Cette information mérite d’être prise dans les deux sens. Une mousse magnifique peut venir d’un robusta médiocre acheté au prix le plus bas, et un arabica de haute qualité torréfié clair, du type de ceux que vous trouverez dans notre dossier sur le café de spécialité, en produira très peu tout en étant bien meilleur en tasse. Vous pouvez donc opter pour un mélange offrant 15 pour cent de robusta si l’aspect compte pour vous, à condition de savoir que vous achetez de la texture, pas de la saveur.

Le diagnostic de crema

Renseignez votre configuration réelle ci-dessous : le type d’appareil, l’âge du café, le mélange, la finesse de mouture et le temps d’écoulement que vous observez.

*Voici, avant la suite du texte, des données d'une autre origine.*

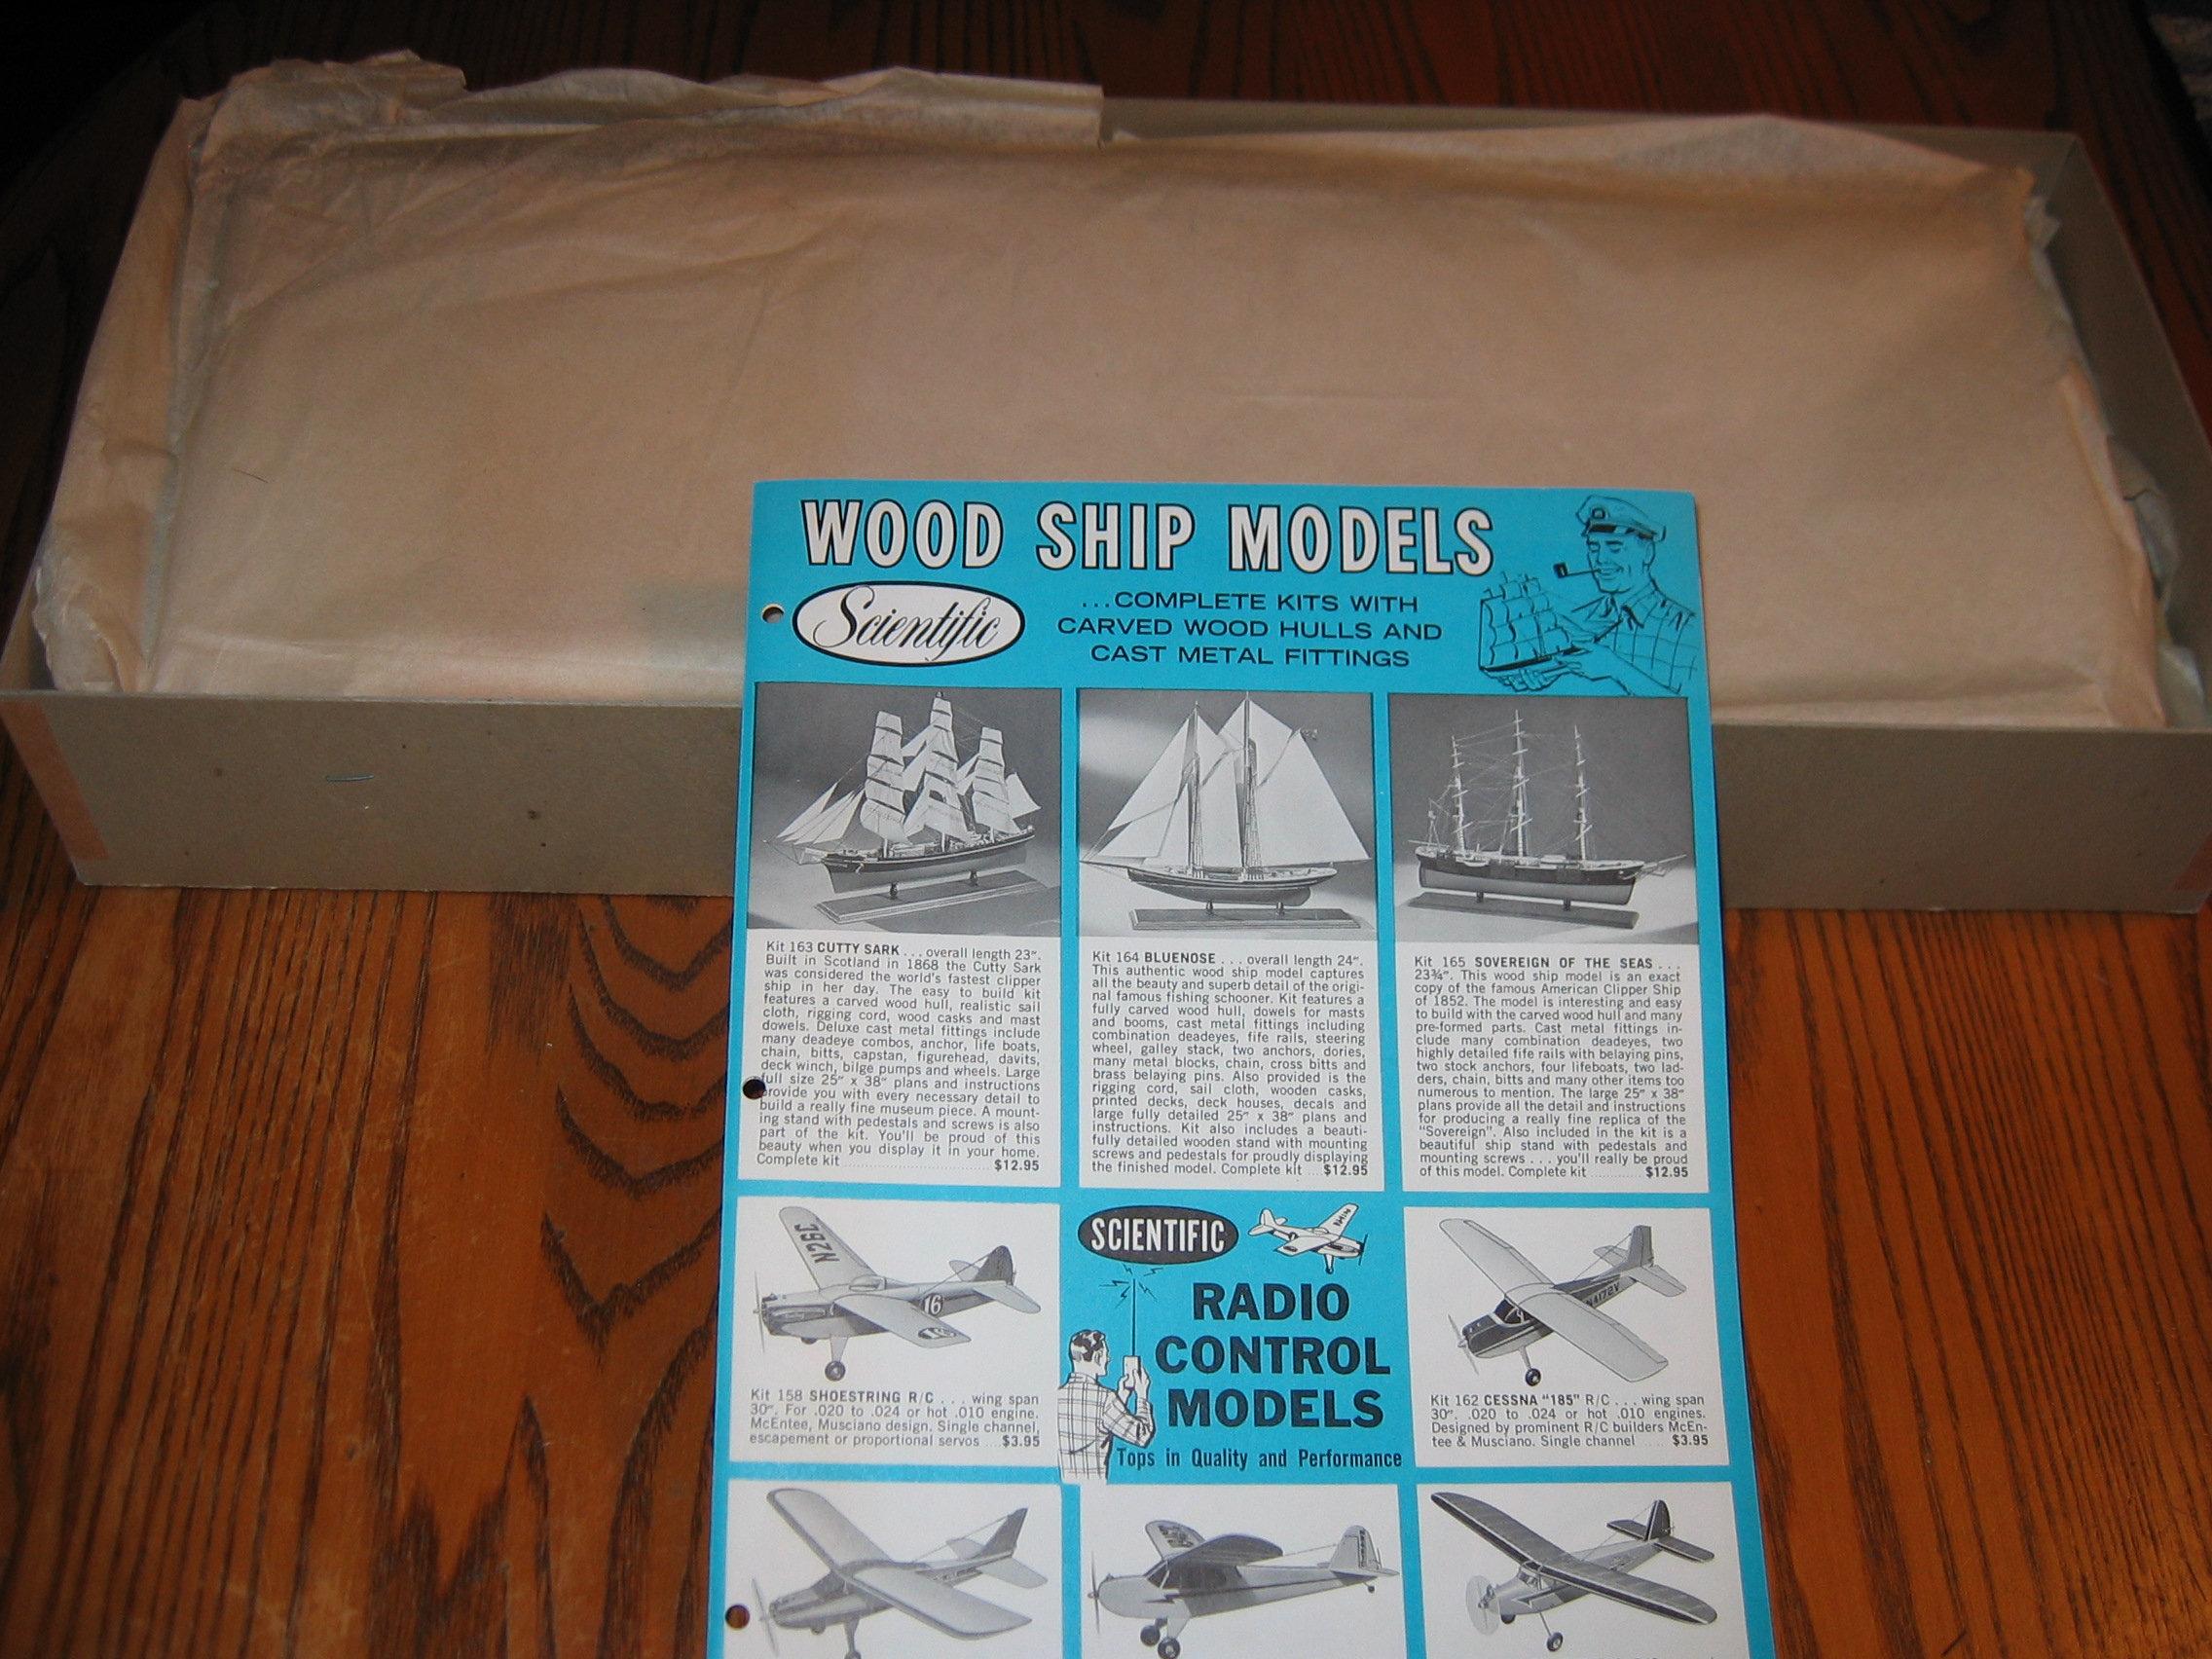 vintage wooden ship model kit schooner bluenose scientific model co.,  newark, nj, usa 1970s | schooner chandlery

L’outil estime la mousse attendue, classe les causes probables et vous indique le seul réglage à corriger en premier.

Le diagnostic de crema

Cinq réponses, et vous savez quelle mousse attendre et quel réglage corriger en premier.

25 secondes
AbsenteClaireDense

Reconnaître une crema réussie : couleur, épaisseur, tenue

Trois critères suffisent, et ils s'observent en quelques secondes. La couleur d'abord : un brun noisette chaud, ni blond pâle ni brun sombre. L'épaisseur ensuite : 2 à 4 mm dans une tasse de 60 à 80 ml. La tenue enfin, qui est le critère le plus parlant, car une belle mousse doit rester en place au moins deux minutes avant de commencer à s'ouvrir au centre.

Le test de la cuillère est le plus simple des amateurs comme des professionnels : posez délicatement une petite cuillère à plat sur la surface. Sur une émulsion réussie, elle repose une seconde avant de s'enfoncer, et la trace laissée se referme lentement. Le sucre en poudre donne le même verdict : versé doucement, il doit rester posé un instant avant de descendre. Si tout traverse immédiatement, la couche est trop mince, quelle que soit sa couleur.

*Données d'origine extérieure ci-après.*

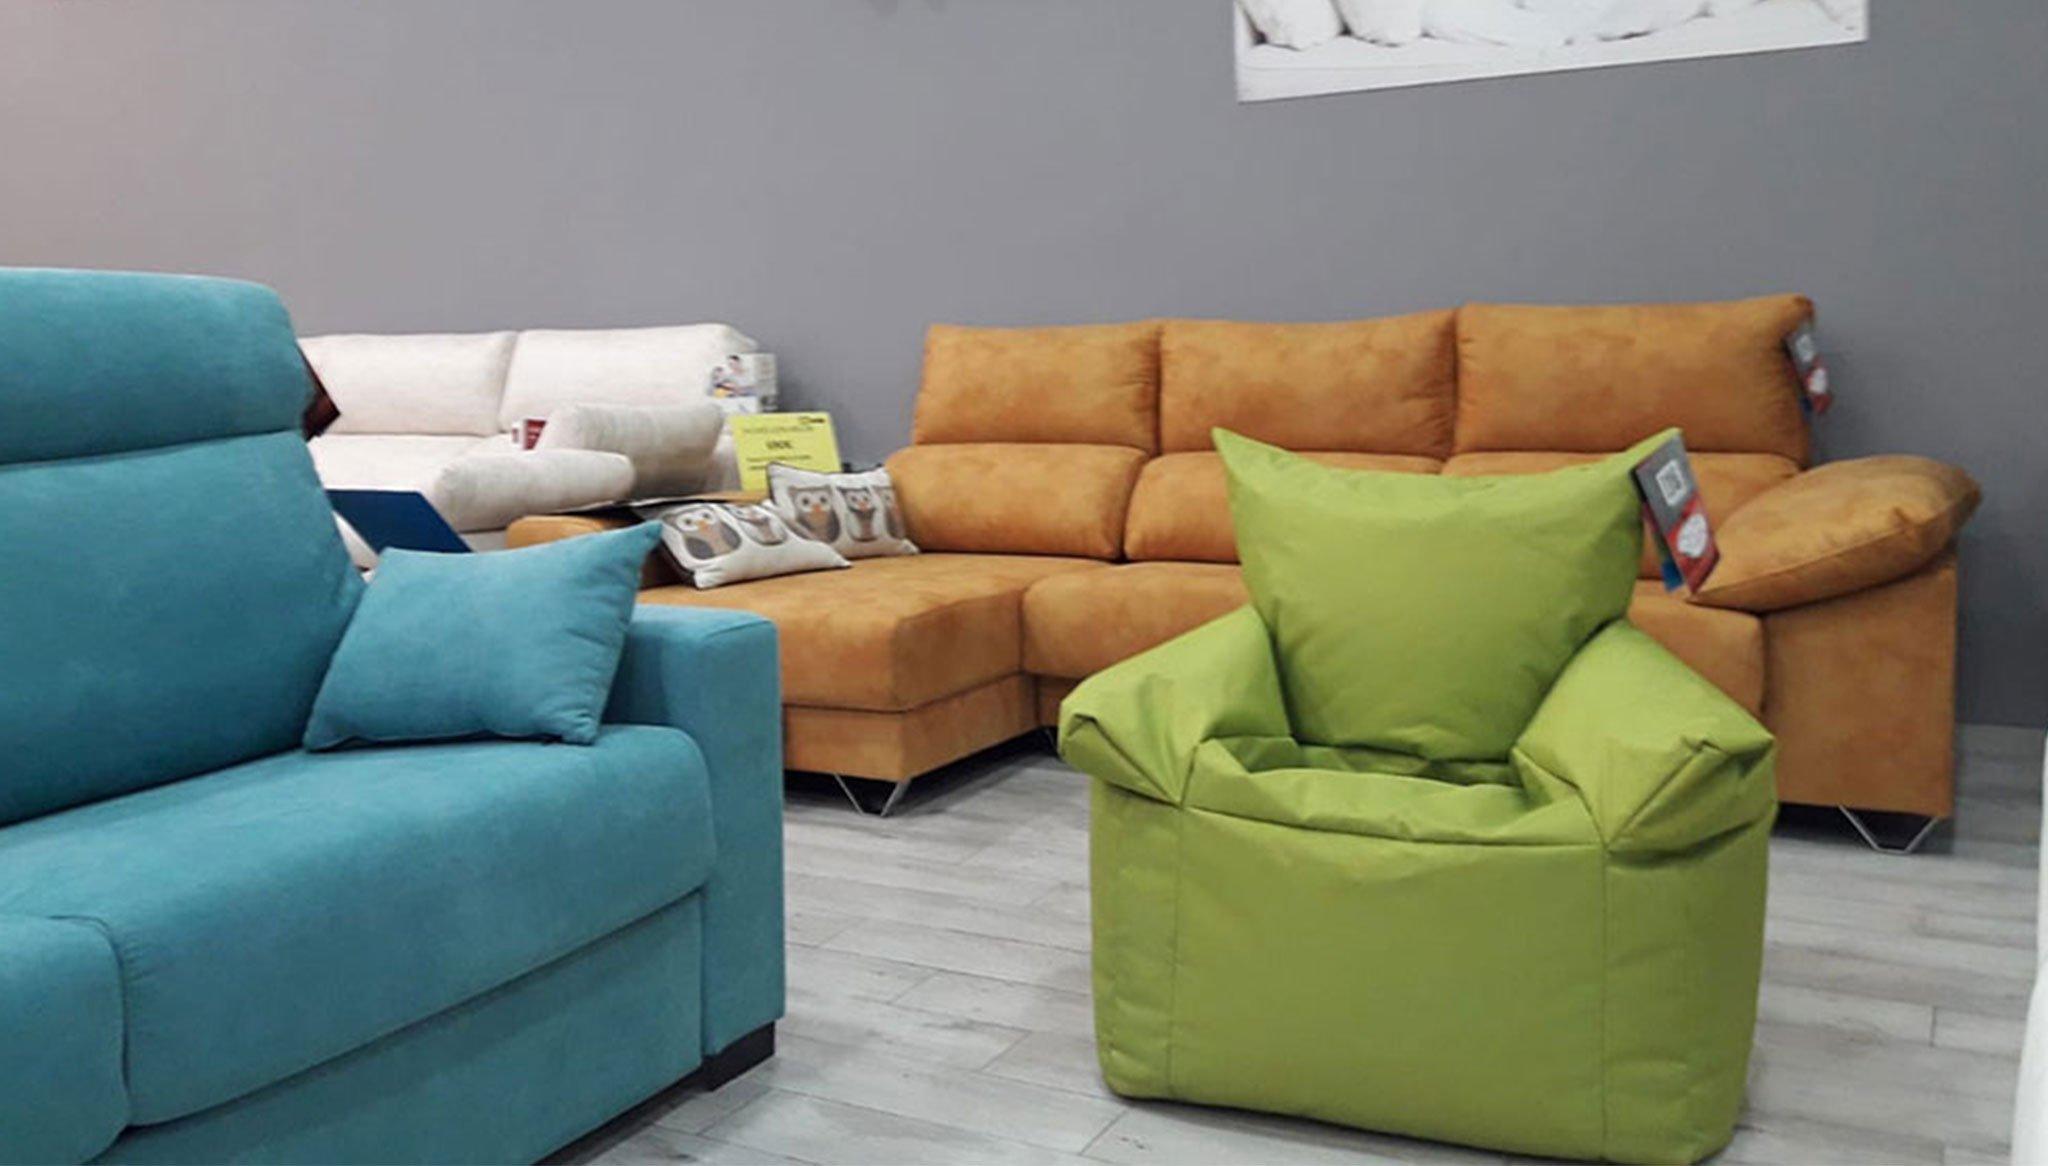 Green Pouff raffling Ok Sofas

Les différents aspects de crema selon le grain et la torréfaction

Toutes les mousses ne se ressemblent pas, et le type que vous obtenez raconte l'histoire du grain autant que celle du réglage.

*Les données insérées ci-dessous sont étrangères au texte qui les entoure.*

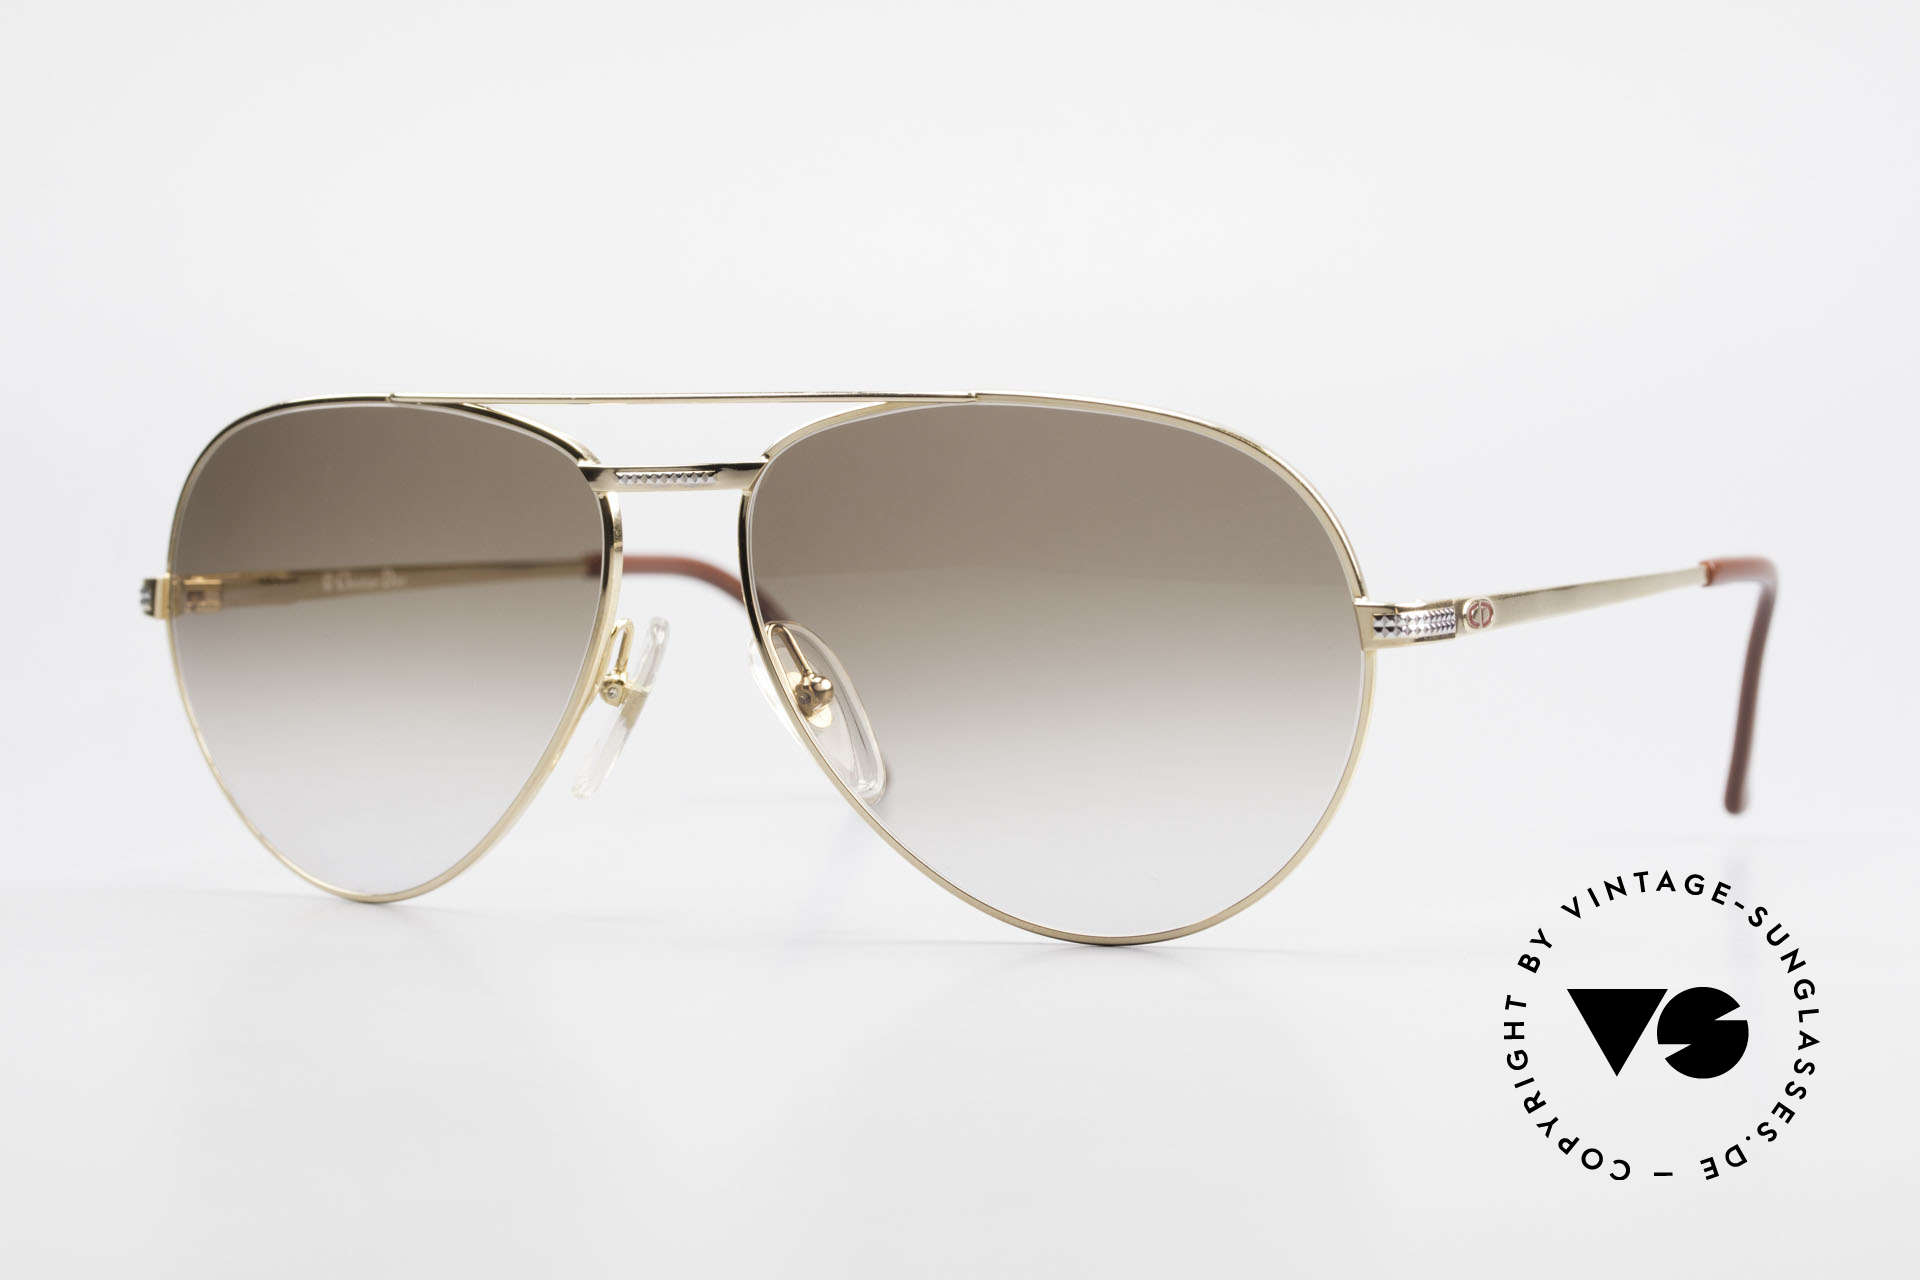 Christian Dior 2780 Gold-Plated 90's Aviator Frame, noble 90's aviator sunglasses by Christian Dior, Made for Men

AspectCe qu'il indiqueÀ faire
Claire et fuyanteMouture trop grossière, café trop vieux ou pression faibleResserrer la mouture d'un cran
Ambrée, fine et lisseArabica torréfié clair, extraction correcteRien, c'est le rendu normal de ce café
Noisette, dense et soupleCafé frais, dose et pression justesRien, c'est la cible
Tigrée, striée de clair et de foncéMouture régulière et distribution homogèneRien, signe recherché des baristas
Très foncée, avec un coeur pâle au centreSur-extraction, mouture trop fine ou eau trop chaudeOuvrir la mouture, baisser la température

La crema tigrée, qui apparaît en fines stries plus claires sur un fond noisette, est celle que l'on recherche dans les concours. Elle traduit une galette parfaitement homogène traversée de façon régulière, et non un café particulier.

Pourquoi votre espresso n'a pas de crema

Quand la mousse manque totalement, la cause est presque toujours dans cette courte liste, par ordre de fréquence réelle.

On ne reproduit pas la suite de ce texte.